Recently, I conducted an elaborate chicken nugget taste test for this here website, which involved diving into the several grocery stores' frozen-food sections. As I did so, I was bemused by the multitude of tender and nugget varieties. My assignment was clearly nuggets. But why were there all these other options? Was it just about shape, or which part of the chicken the meat actually comes from? Or is it all just marketing?

I contacted a number of poultry experts to see if they could explain it to me. They told me chicken nuggets are formed, while chicken tenders are taken straight from the chicken itself. As Tom Super, senior vice president of communications for the National Chicken Council, explained it: "Chicken nuggets and chicken strips are basically the same thing, just shaped differently. Most nuggets and strips are made from white breast meat." But chicken tenders differ because they are an actual cut of the chicken. "They come from the tenderloin, rather than the breast." He added, "And boneless wings aren't really wings without bones in them."

John A. Marcy, from the Center Of Excellence For Poultry Science at the University Of Arkansas, was even more emphatic. "There is certainly an official difference," he said. "Nuggets are a broad spectrum of products with many different methods of manufacture. A tender or tenderloin is a very specific muscle, which lies under the large breast or flight muscle."

Then Marcy sent me the following from the USDA FSIS Standards and Labeling Policy Book, which I believe now makes me a leading expert on chicken nuggets versus tenders. According to the USDA: "Nuggets are irregularly shaped, usually bite-sized meat and/or poultry products which are usually breaded and deep fat fried and intended to be used as finger foods." They come in a variety of different categories. They can be made from a solid piece of poultry; from "chopped and formed meat or poultry" (necessitating a qualifier like "Chicken Nugget, Chopped and Formed"; or "from chopped meat or poultry and containing binders, extenders and/or water," which may then use the term nugget with a qualifier like "Breaded Nugget-Shaped Chicken Patties." I'm going to be examining all those frozen grocery bags even more closely on my next shopping trip.

The National Chicken Council tries to clear this all up on its website, along with explaining the ubiquitous "rib meat." It says most nuggets "start as a split breast of chicken. You might read on the package that the product contains 'rib meat.'" The council says this is not an additive or filler, just a natural extension of the breast meat, and other boneless chicken meat (from the legs and thighs, the NCC points out), could also be added for "flavor and texture." To that end, the meat might also be marinated, and breaded.

Tenders are a bit simpler under the USDA, as the term refers to "any strip of breast meat from the kind of poultry designated," often also breaded. So there you go.
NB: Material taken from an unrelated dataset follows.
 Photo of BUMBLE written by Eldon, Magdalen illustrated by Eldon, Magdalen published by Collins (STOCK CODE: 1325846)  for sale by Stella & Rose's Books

While primarily breast meat, nuggets can be made from chopped and formed from different parts of the chicken, while tenders are solid strips of poultry breast meat.
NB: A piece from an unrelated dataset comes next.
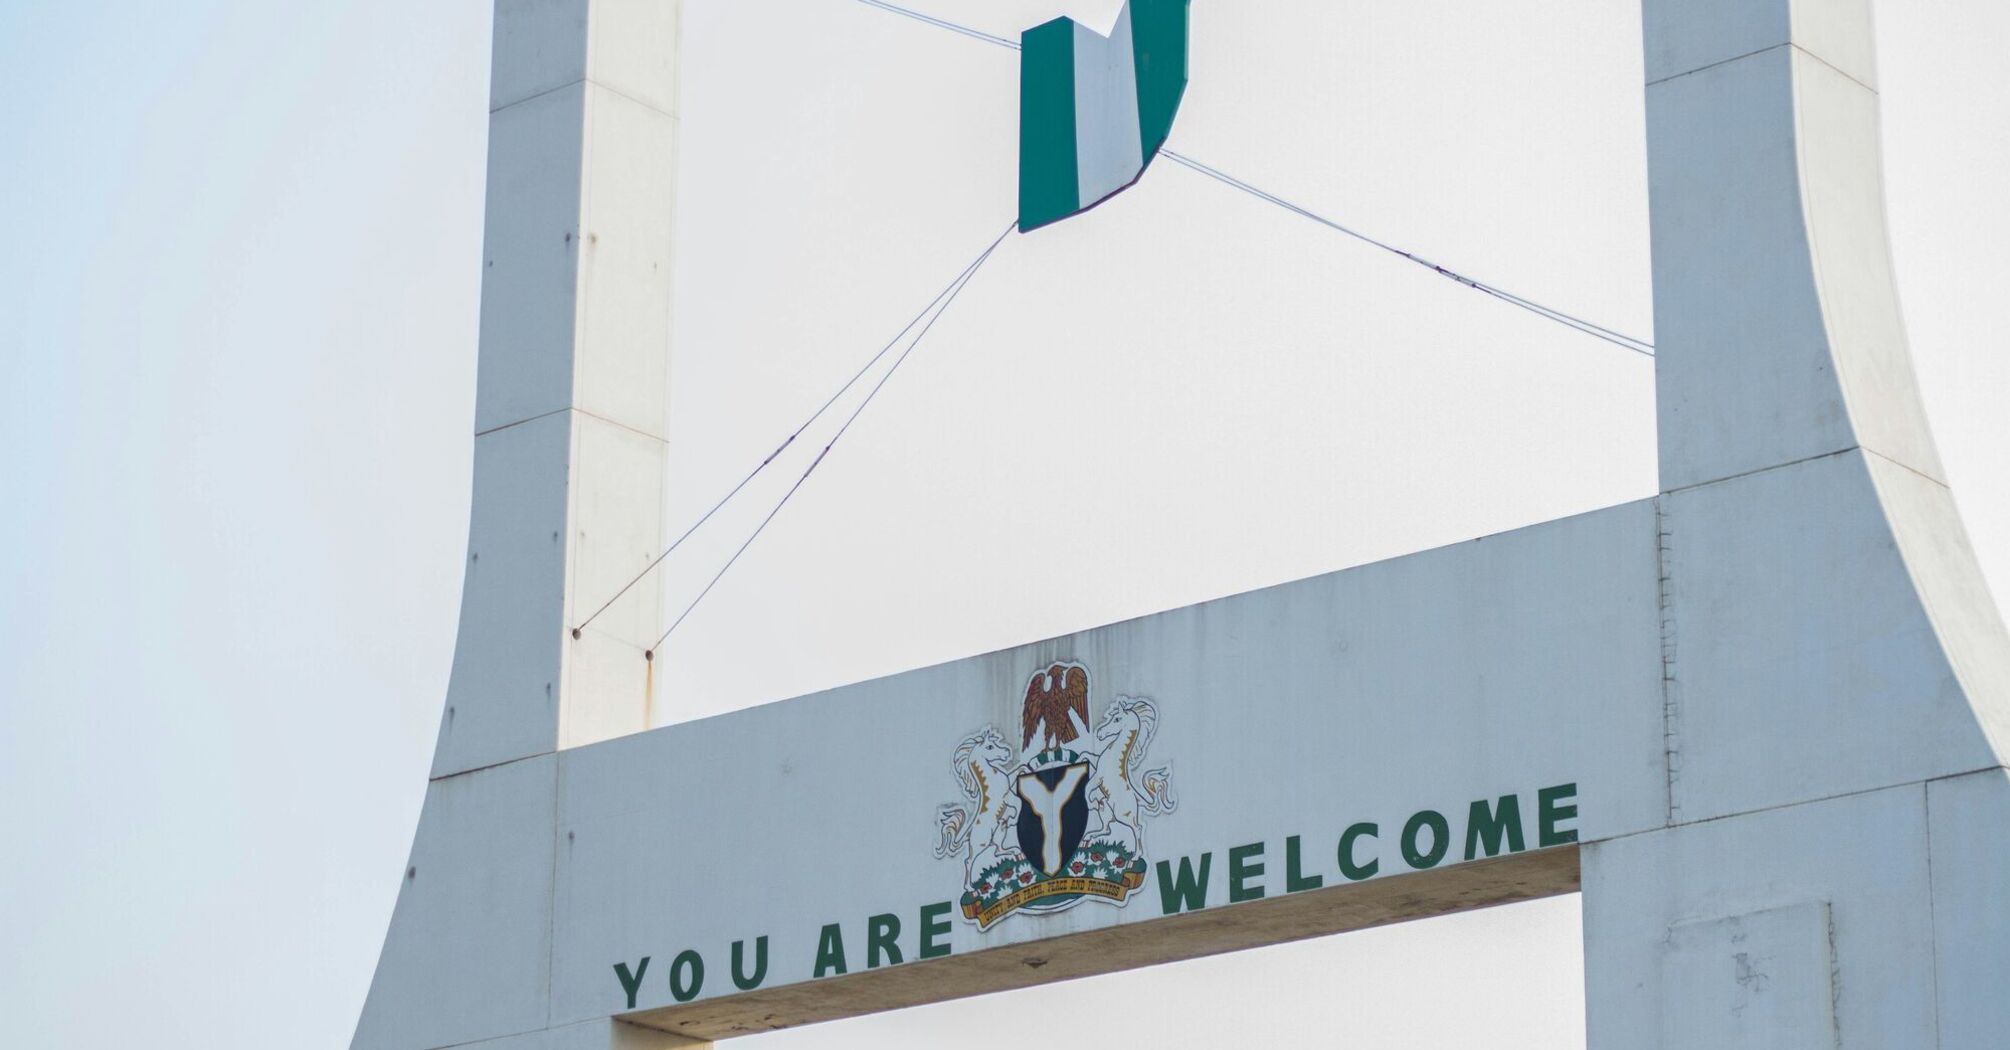 Welcome to Nigeria sign

Kyle Zimmerman, vice-president of Harrison's Poultry Farm in Glenview, Illinois confirmed all my findings. He says that nuggets are "usually the jumbo size breast meat cut into chunks" from "huge factory farms and pumped full of water." The tender, though, is "naturally occurring part of the chicken breast, the most tender part," hence the name. It's a "strip you can just grab," especially if you're Zimmerman, who is also a butcher.

He says this isn't bad news for nuggets fans who want a more natural product, though: If you really like that particular chicken format, you may do well to search out ones from smaller producers. "It depends on where you're getting it from. If you find a quality one from a high-quality, smaller company," it'll be less "cheap meal products" and more like actual "breast meat cut into chunks."

I wish I'd discovered all this before I stocked my freezer with a dozen chicken nugget bags. Still, I will serve Tyson, Trader Joe's, Perdue et al. nuggets, because with that much ketchup, my kids will never know the difference anyway.